Animal charities have accused TV survival expert Bear Grylls of encouraging the killing of animals to boost ratings for his current show.
In his new programme The Island, teams of men and women are left stranded in the tropics and have to fend for themselves.
This means finding water and killing animals.
Channel 4, which makes and broadcasts the show, admitted stocking the uninhabited Pearl Islands in Panama with pigs and crocodiles for the contestants to hunt and kill.

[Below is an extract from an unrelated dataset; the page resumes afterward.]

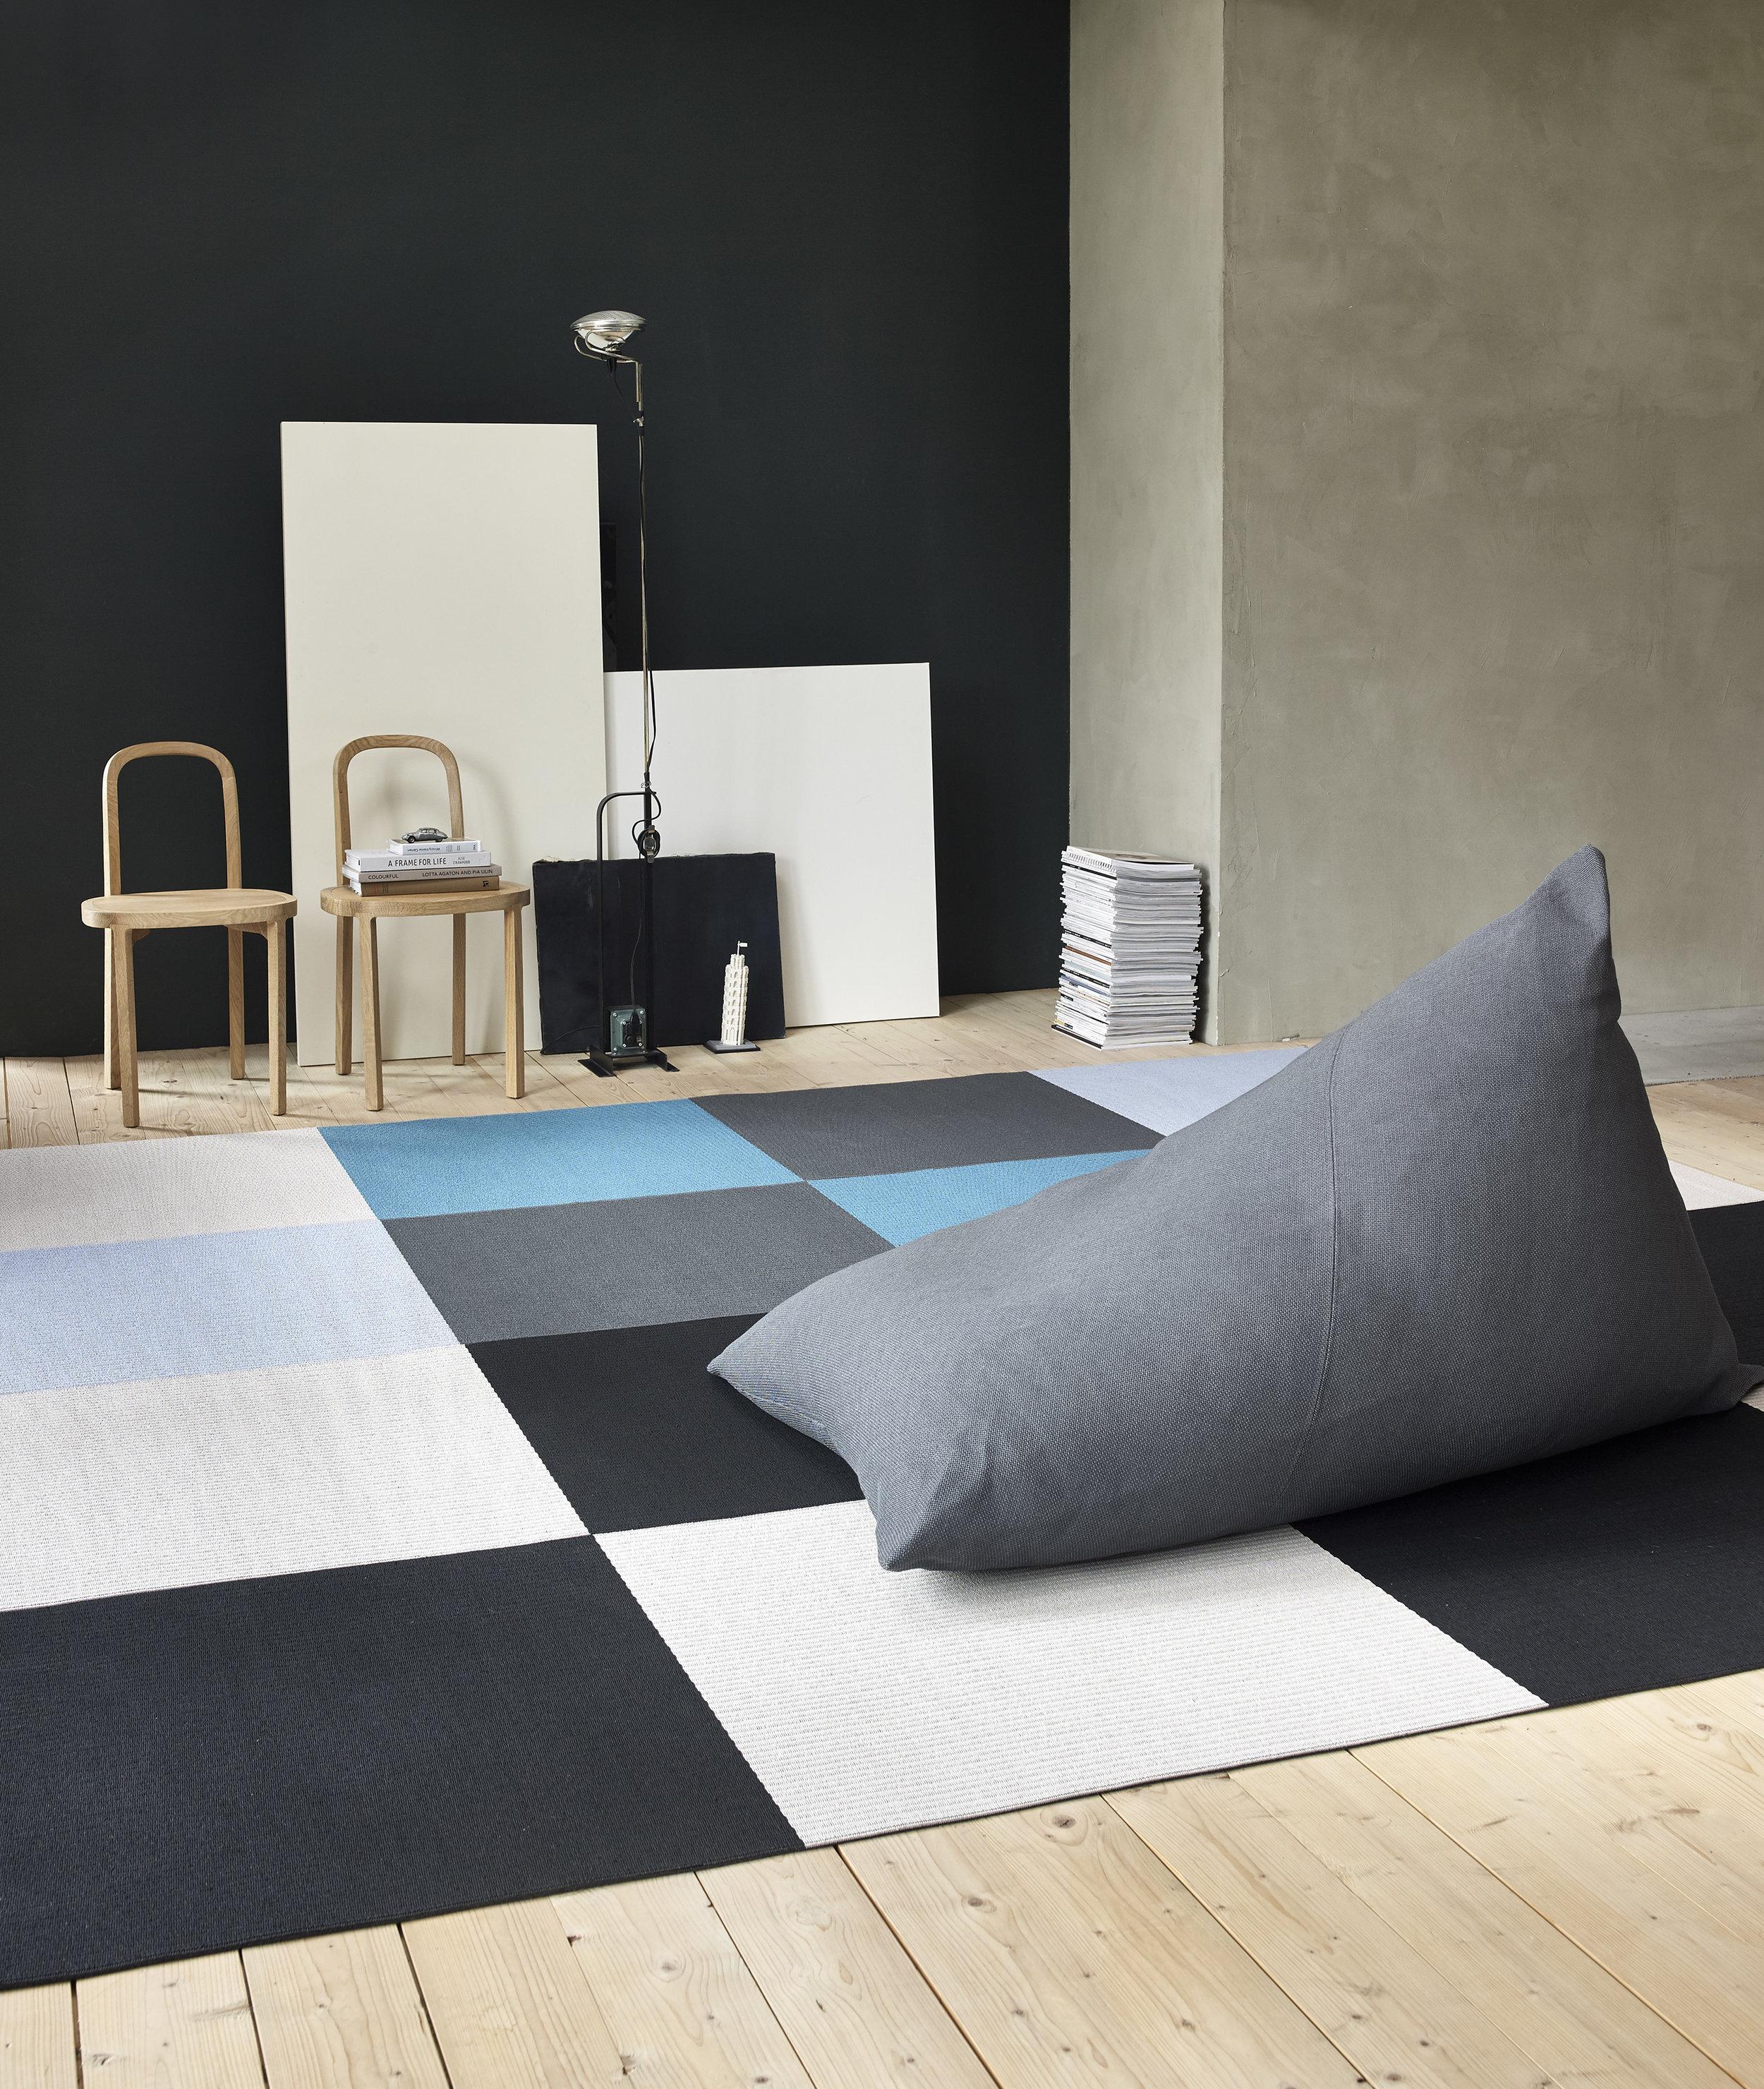 4611 My graphite lounge chair,  Squareplay  paper yarn carpet, 4400  Siro+  chairs

Had this taken place in the UK, the contestants could face charges and, potentially, time in prisonBear Grylls
A recent episode showed women creeping up on a sleeping pig and slashing its throat and also killing a piglet.
Male contestants also killed a crocodile – but it was later revealed this wasn’t one of those brought to the island, but a rare wild species.
Animal welfare groups Peta, Animal Aid, OneKind and Viva! Have written to Channel 4 chief executive David Abraham.
The letter states: “Had this taken place in the UK, the contestants could face charges and, potentially, time in prison. The producers revealed that the pigs had been shipped to the uninhabited Pearl Islands for the show, expressly so that they could be killed and eaten by contestants.
“Torturing and killing animals is a cruel way to attempt to boost ratings and sends an especially harmful message to your young viewers, who are greatly influenced by what they see on TV. It is this kind of outright disregard for animals that keeps caseworkers inundated with cruelty-to-animals reports year-round.
“We strongly urge you, as chief executive of Channel 4, to ensure that this kind of violence is never aired again by implementing a proper animal-welfare policy. We stand ready to meet with you about this important issue.”
A Channel 4 spokesperson said: “An important part of the experiment was to find out if the men and women were capable of surviving alone and able to find sources of food, including hunting and killing for meat; a vital part of their survival as it is a source of valuable calories and protein,” said the broadcaster.
“All islanders were trained in the humane capture and dispatch of live animals and the animals were killed humanely.”
PETA is also urging the Panamanian authorities to launch prosecutions over the animal deaths.